“Why is it,” he said gently, “that when you announce you’re going to tell the truth, people always expect something disagreeable?”

Then he knew that the sand was chill and gritty. A breeze was blowing, the light was dim and meagre. This was not the glad forgiving sun but the cold and glassy moon.

“No, no!” she cried. “You must never tell the truth in a dream. If you do ... it happens.”

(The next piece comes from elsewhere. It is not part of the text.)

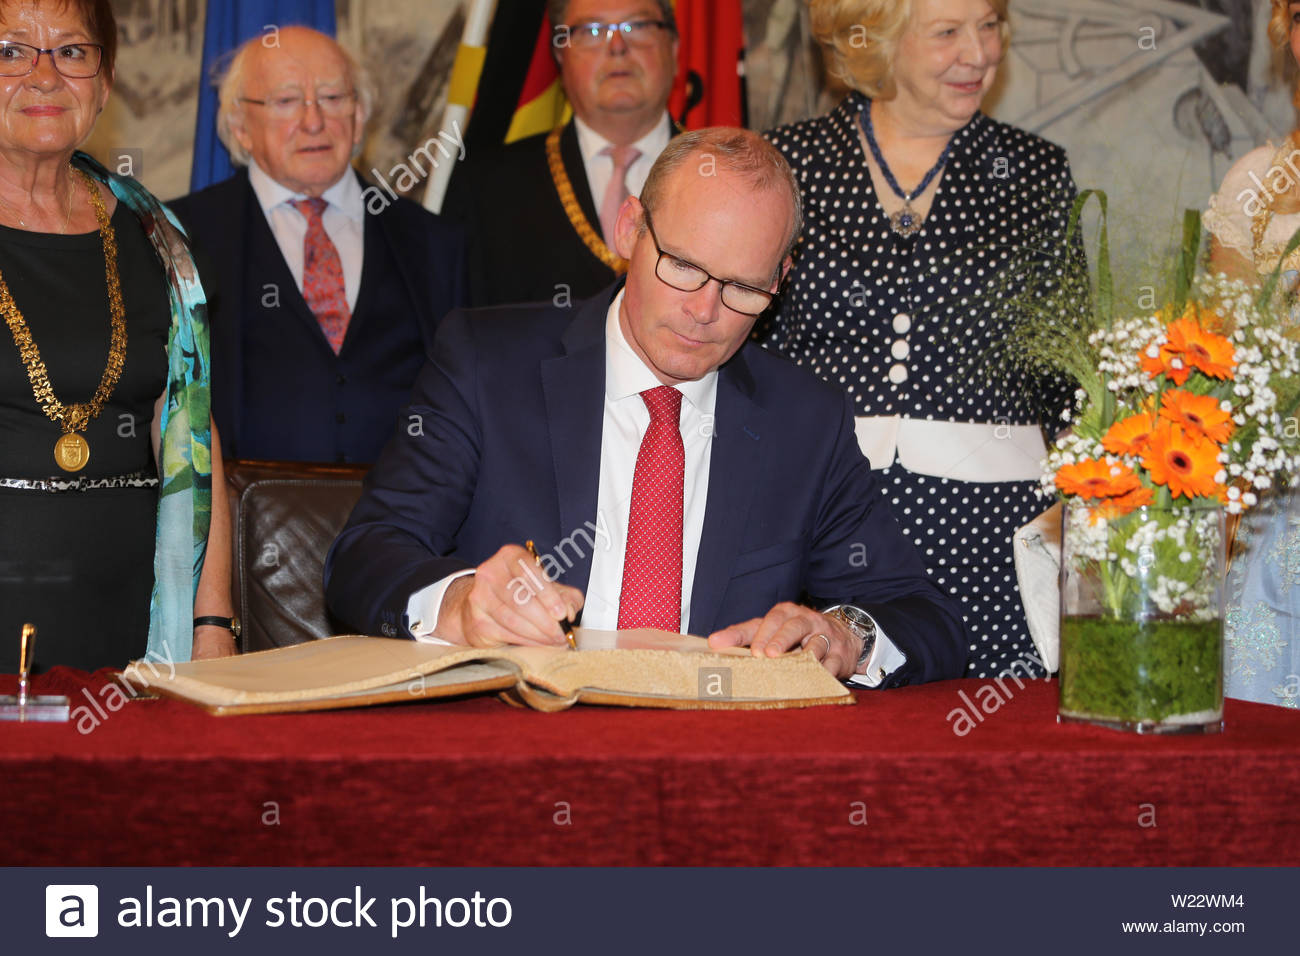 Wurzburg, Germany. 05th July, 2019. Irish Tánaiste Simon Coveney signs the visitors book in Würzburg town hall today. President Michael D Higgins has visited Würzburg with Mr Coveney in Bavaria today on the last leg of their diplomatic trip to Germany. Earlier in the week he met Angela Merkel and German President Frank Steinmeier. President Higgins stopped at the university library this afternoon to view treasures of Irish literature and art, in particular the work of the famous German philospher, linguist and Latin scholar Casper Zeuss whose book Grammatica Celtica first documented the gramma Stock Photo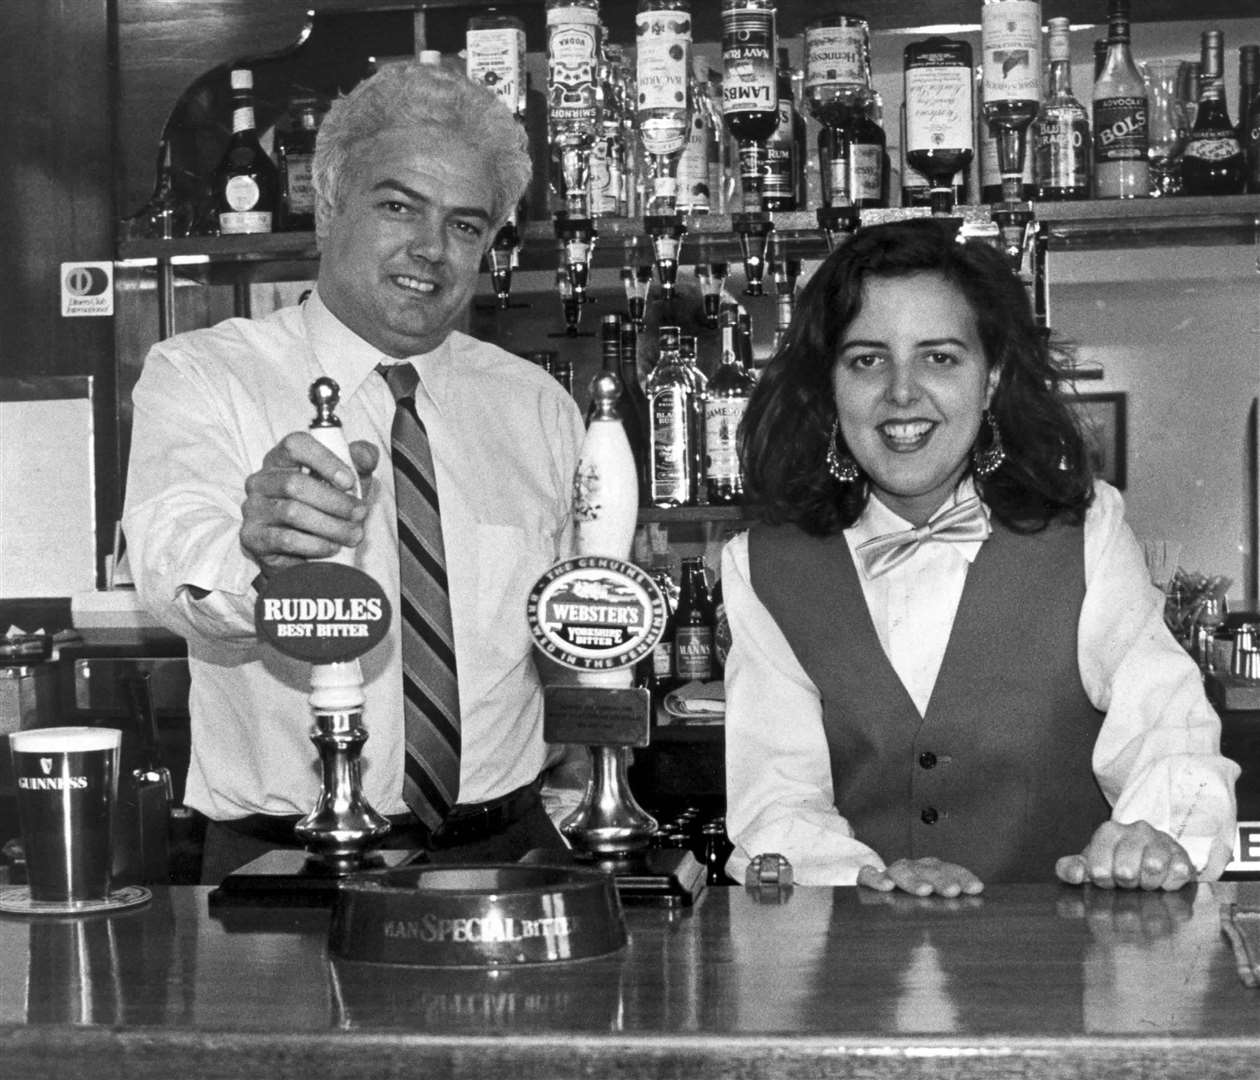 Behind the bar at the Three Daws in 1988

“But this was a lovely truth,” he began. A window snapped into brightness beside him, just above his head. Phyllis was looking from the pantry.

“George! What on earth are you muttering about out there? Come in and help me cut sandwiches.”

XVII

HE WAS startled to find Phyllis at work in her nightgown. Another hallucination, perhaps, he thought sardonically. Everything seems to burlesque everything else.

She had thrown aside her blue quilted wrapper and was busy slicing and spreading. The table was crowded with bread, ham, beef, lettuce, mustard, jam, and cheese. The Picnic. George had forgotten the menace of the Picnic. It struck him as pathetic to see her valiantly preparing the details of this festival which was already doomed and damned. She was chopping off little brown corners of crust. Wasteful, as usual; besides, the crust is the best part. He managed not to say so, remembering that he had made the remark every time he had ever seen her cut sandwiches. The lace yoke at her neck had two tiny buds of blue ribbon stitched in it. There was something pitiably nuptial about them. How soft and young she was in her flimsy robe. Her eyes were smudged with fatigue. How beautiful she would have looked to any other man.

“My dear child, cutting sandwiches in your best nightgown.”

“I haven’t anything better to do in it, have I?”